Overall however, there is good consistency between the heirarchical clustering and the factor analysis. The factor analysis revealed some itneresting patterns (for example, Z4 and Z1) which may hint at interesting tissue-specific (biologically relevant?) patterns in the underlying data.


## Final thoughts

First and foremost, this analysis was an excuse to play with the data.table package. There were aspects of data.table which I liked. Namely, the ability to read in large files (5 GB in this case) and the ability to very quickyl subset and manipulate data (even large data sets) within the data table. We were even able to speed this up, and simplify the syntax, by creating keys on appropriate columns.

The idea of "chaining" operations together was interesting. Specifically, I liked the ability to chain together a sensible sequence (e.g. subset, then normalise, then do something). Chaining in this way also made more complex operations (like creating the heatmap) more efficient and slightly more readable.

If there is one downside to the data.table package, it is that I find the syntax quite dense. Especially as you begin to build more complex workflows, or need / want to set parameters in your function calls (e.g. the heatmap). Building longer chains, each with more atomic operations helped with the readability.
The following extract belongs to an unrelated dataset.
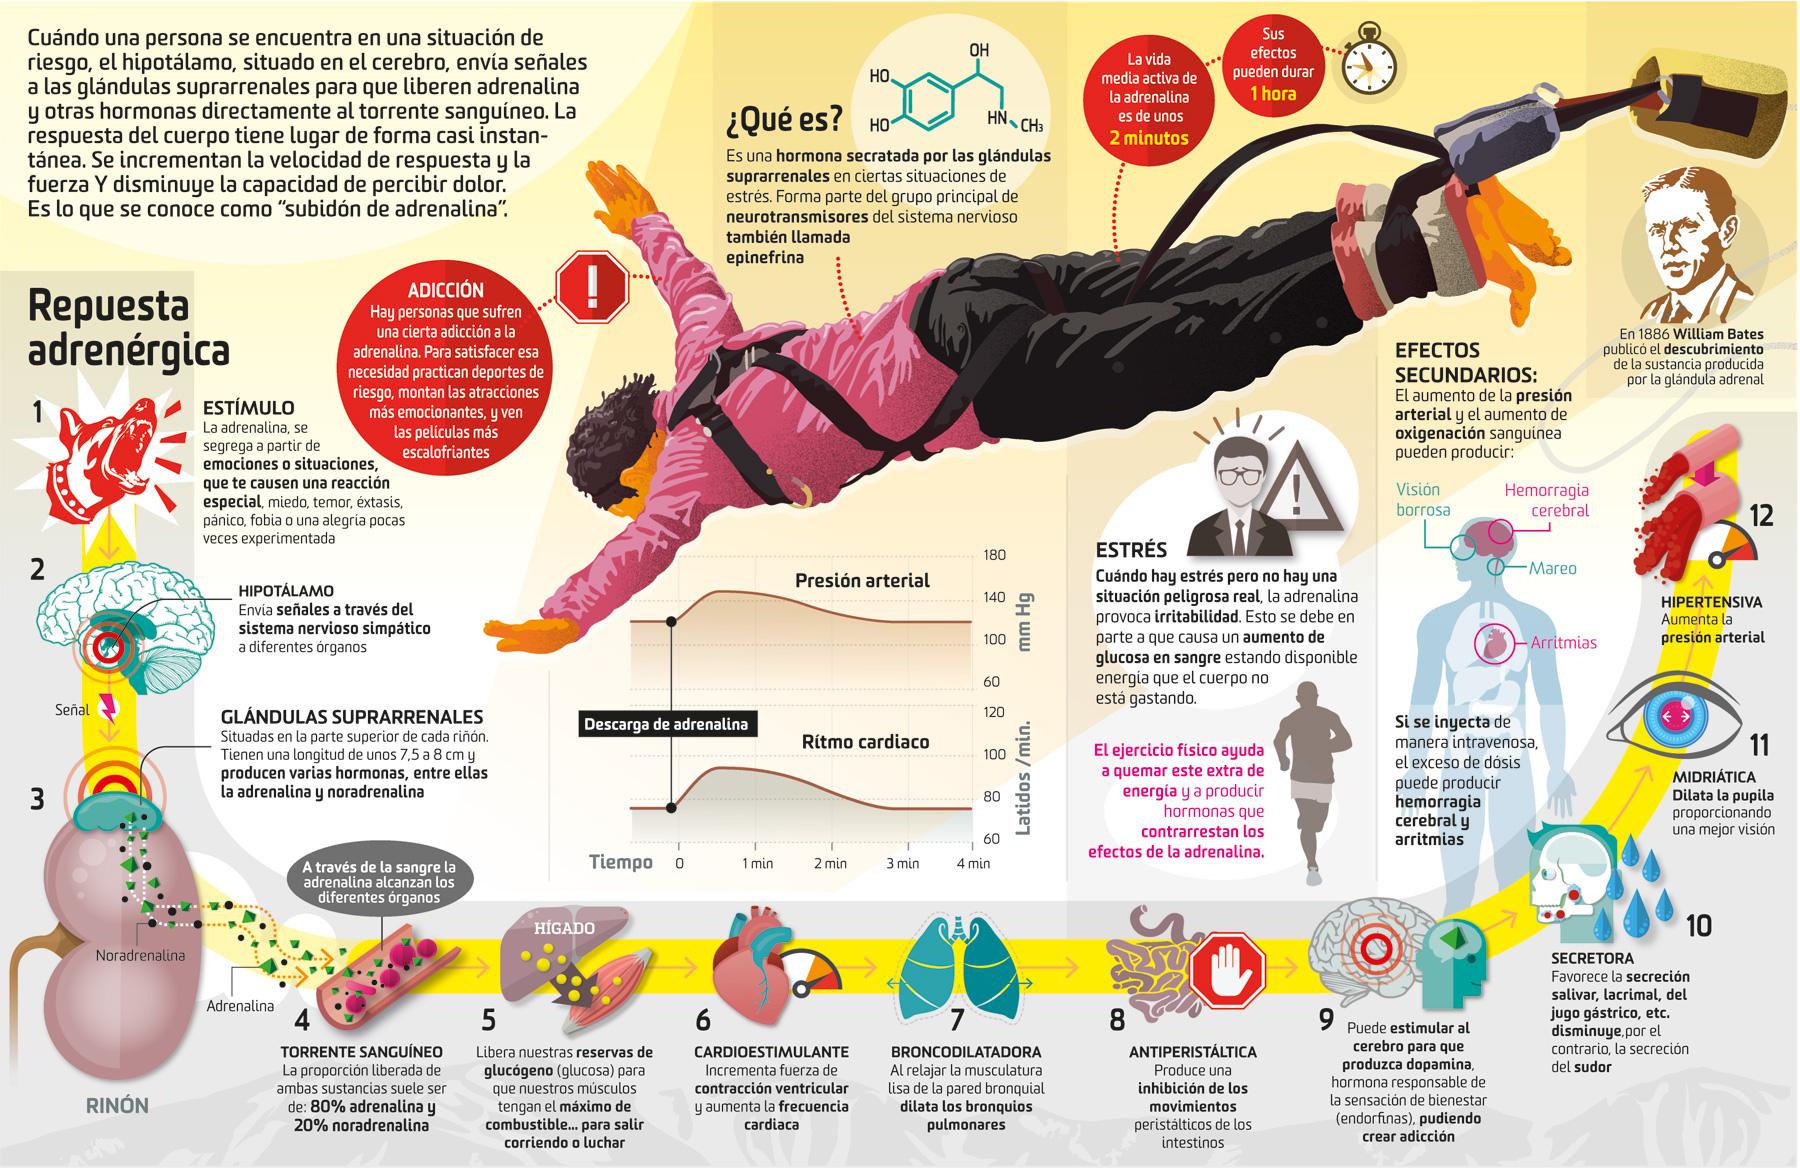 Adrenalina: analizamos cómo funciona

The other issue here is that chaining returns not only the output (e.g. the plot), but also the final data table. This is slightly annoying, if it is just the output that you are after (for example the fitted model from factanal, or a plot object).

The analysis itself was somewhat interesting. We identified a number of gene clusters and were able to confirm these clusters using two different methods (heirarchical clustering and factor analysis). Are these gene clusters biologically relevant? I have no idea. But it seems likely that the imbalance in tissue samples is an issue that should be considered carefully.


## Tissue predictions

This is really interesting... Using the factor loadings before, we will find the maximal loading for each tiisue and then investigate if there are trends in the types of tissue loading on each factor. As a quick exmaple, I wil look at factor 2 and 6 (loosely these are the ABCG2 factors):

```{r}
dim(fData)
dim(fit$loadings)
loadTissues <- fData %*% fit$loadings

tissueMax <- apply(loadTissues, 1, which.max)
head(tissueMax)

# number of tissues loading per factor:
unlist(lapply(1:7, function (x) sum(tissueMax == x)))

# tissue types on factor 2:
key(dict)
plot(log(table(dict[names(tissueMax)[tissueMax == 2], SMTS])),
     las = 3, ylab = "log(N)")

# tissue types on factor 6:
plot(table(dict[names(tissueMax)[tissueMax == 6], SMTS]),
     las = 3, ylab = "log(N)")
```

Cool! Now, let's look at all of the factors:

```{r}
setkey(dict, SAMPID)
par(mfrow = c(4, 2))

for (x in 1:7) {

    plot(log2(table(
        dict[names(tissueMax)[tissueMax == x], SMTS]
    ) + 1), las = 3, ylab = "log2(N)", main = sprintf("Factor %s", x))
}

par(mfrow =c(1, 1))

```

This is great - and there is some sense in this.

  - Factor 2 is largely ABCG2-family genes, and there is a high liver content
  - Factor 6 includes strong contributions from TALI and FAXDC2 which are both in the ABCG2-family, and there is a high liver contribution here.
  - Although not part of the BRCA1-family (breast cancer) of genes, it is worth noting that TAL1 has clustered strongly with BRCA1 and BARD1, and this perhaps explains the high breast effect on Factor 6.
  - Factor 1 is a mess. I am not sure this tells us anything.